### Brief
From the data below, set down exactly the lines between the one holding "THE BIG RECAP: Dealer" and the one holding "ZF PARTS ­-­", inclusive, and no others.

### Data shown
..........

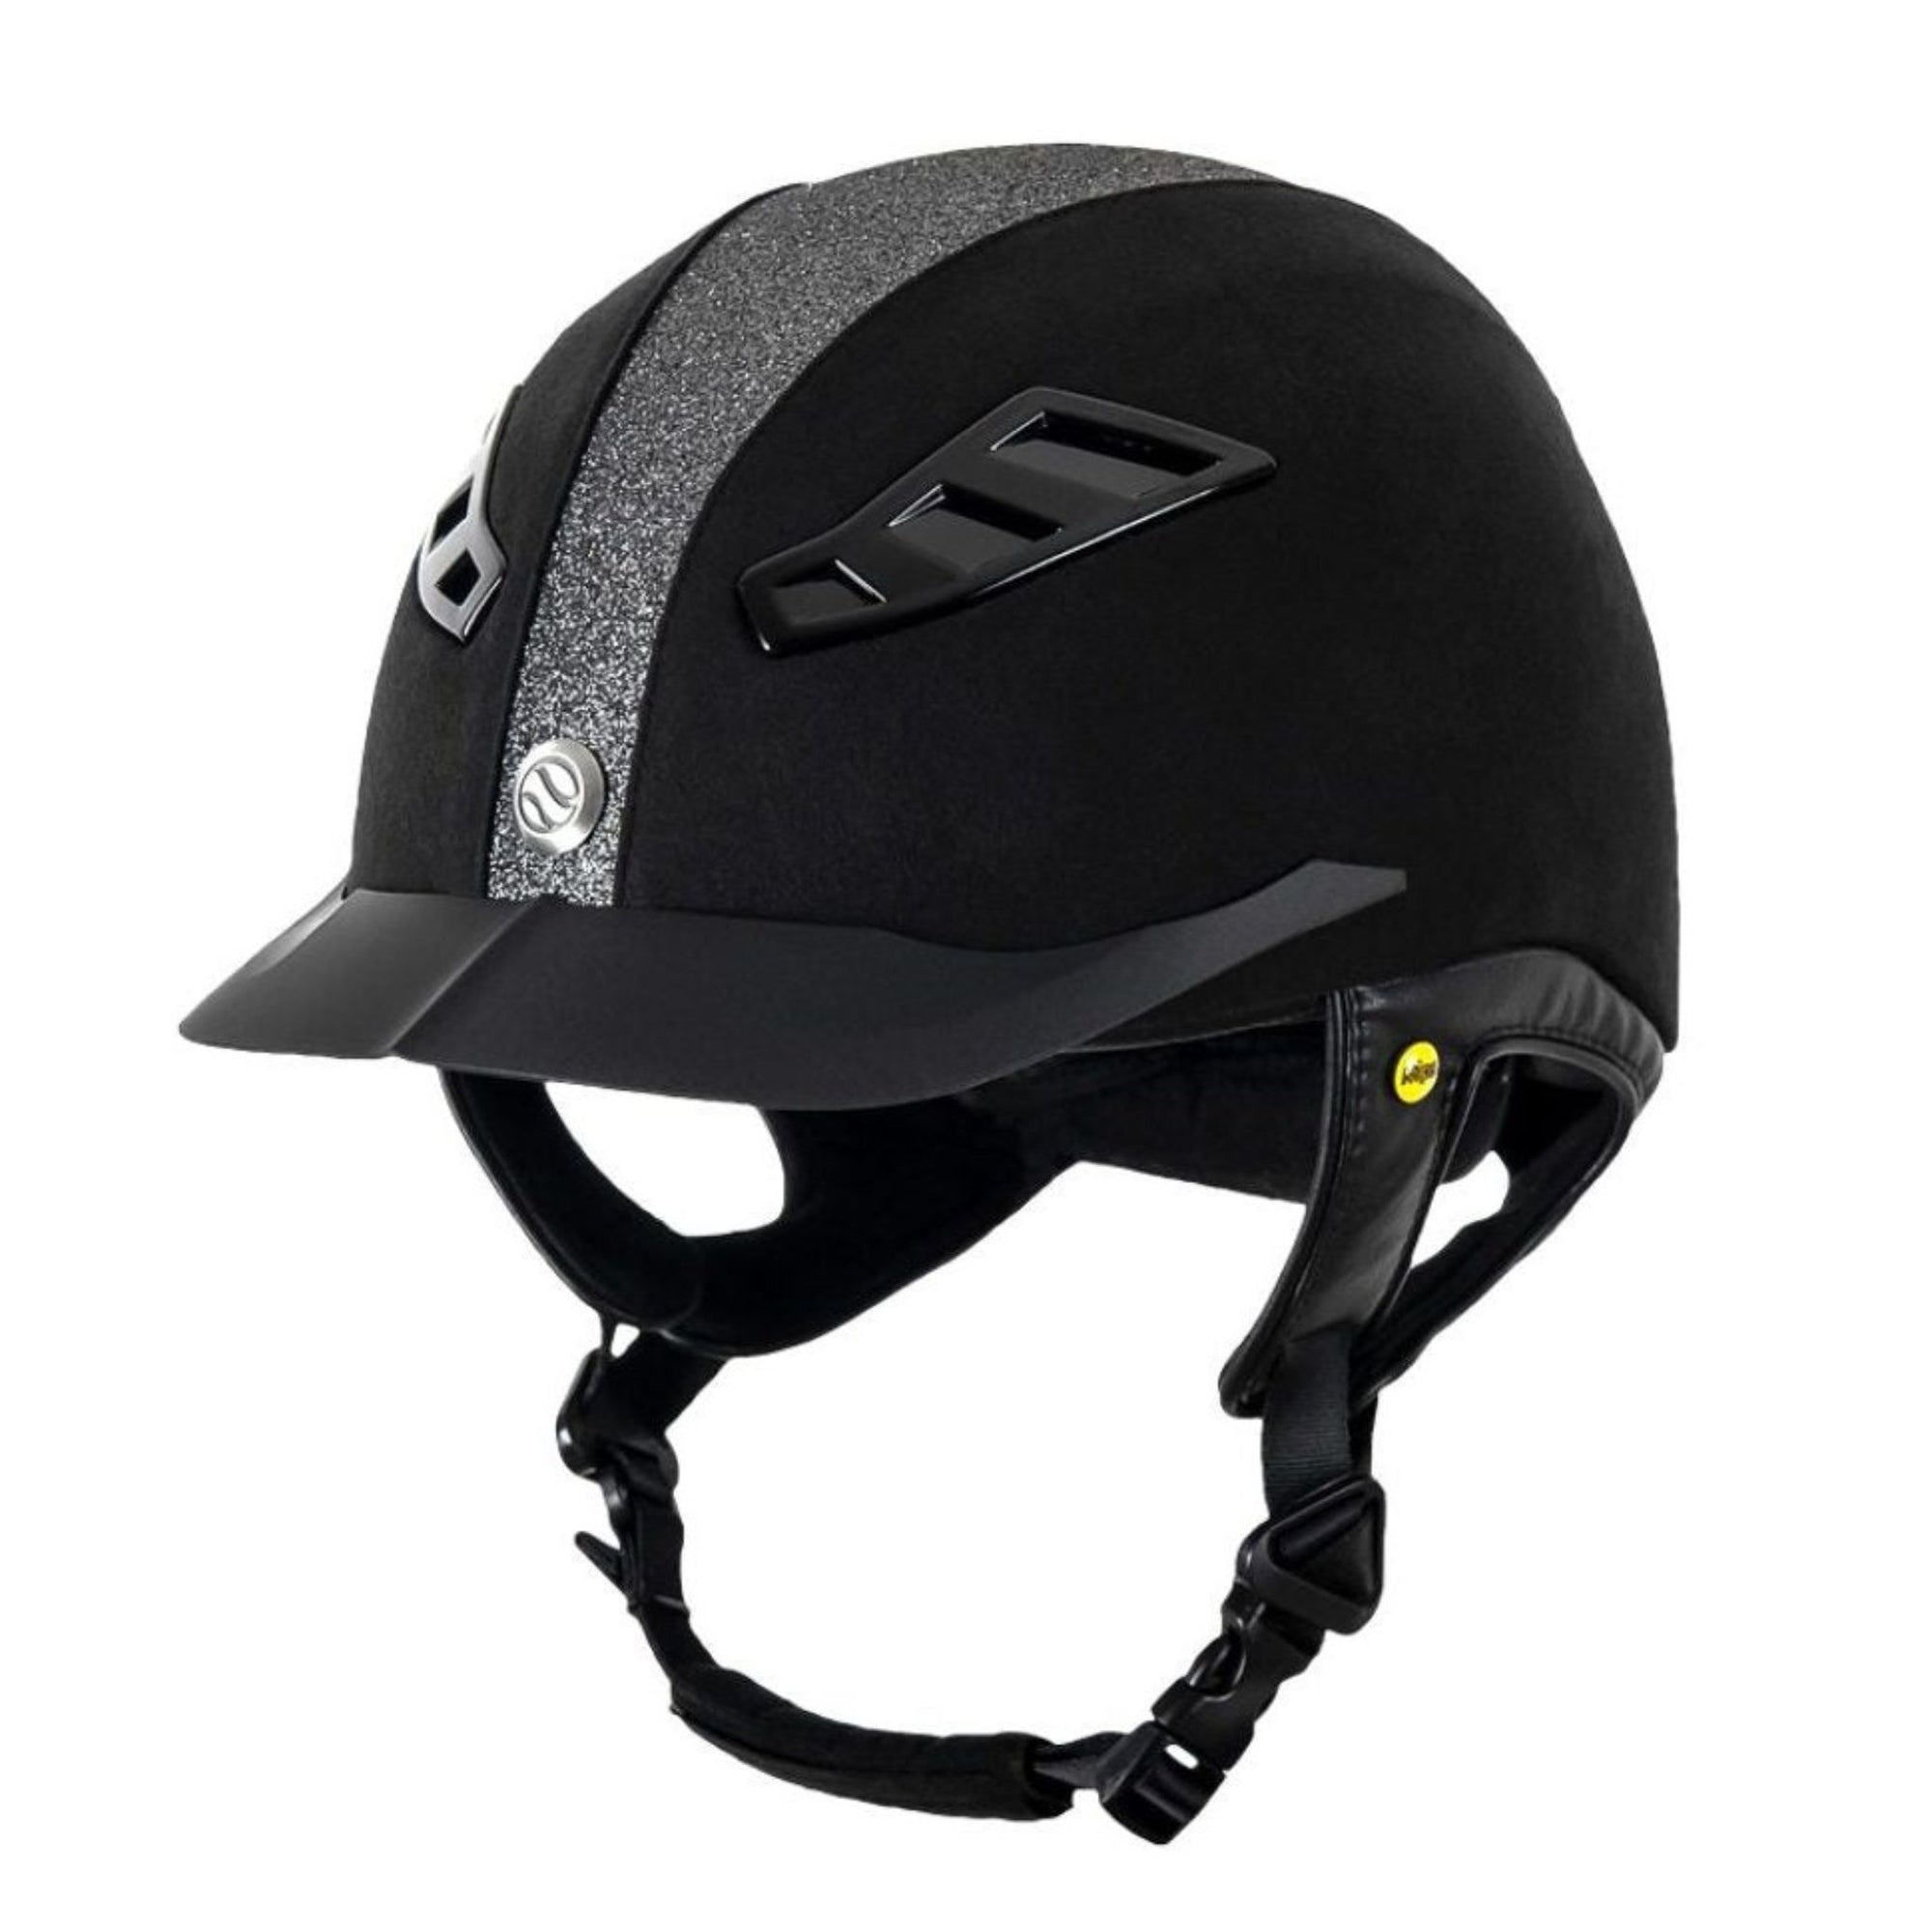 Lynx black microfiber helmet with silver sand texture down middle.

..........

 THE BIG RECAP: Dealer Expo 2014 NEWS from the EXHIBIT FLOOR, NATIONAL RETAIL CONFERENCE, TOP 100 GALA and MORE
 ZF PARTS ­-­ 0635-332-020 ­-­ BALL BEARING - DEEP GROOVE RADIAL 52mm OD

..........

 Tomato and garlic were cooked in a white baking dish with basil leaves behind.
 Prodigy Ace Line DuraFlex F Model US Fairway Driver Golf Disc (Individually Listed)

..........

### Completed task
 THE BIG RECAP: Dealer Expo 2014 NEWS from the EXHIBIT FLOOR, NATIONAL RETAIL CONFERENCE, TOP 100 GALA and MORE
 ZF PARTS ­-­ 0635-332-020 ­-­ BALL BEARING - DEEP GROOVE RADIAL 52mm OD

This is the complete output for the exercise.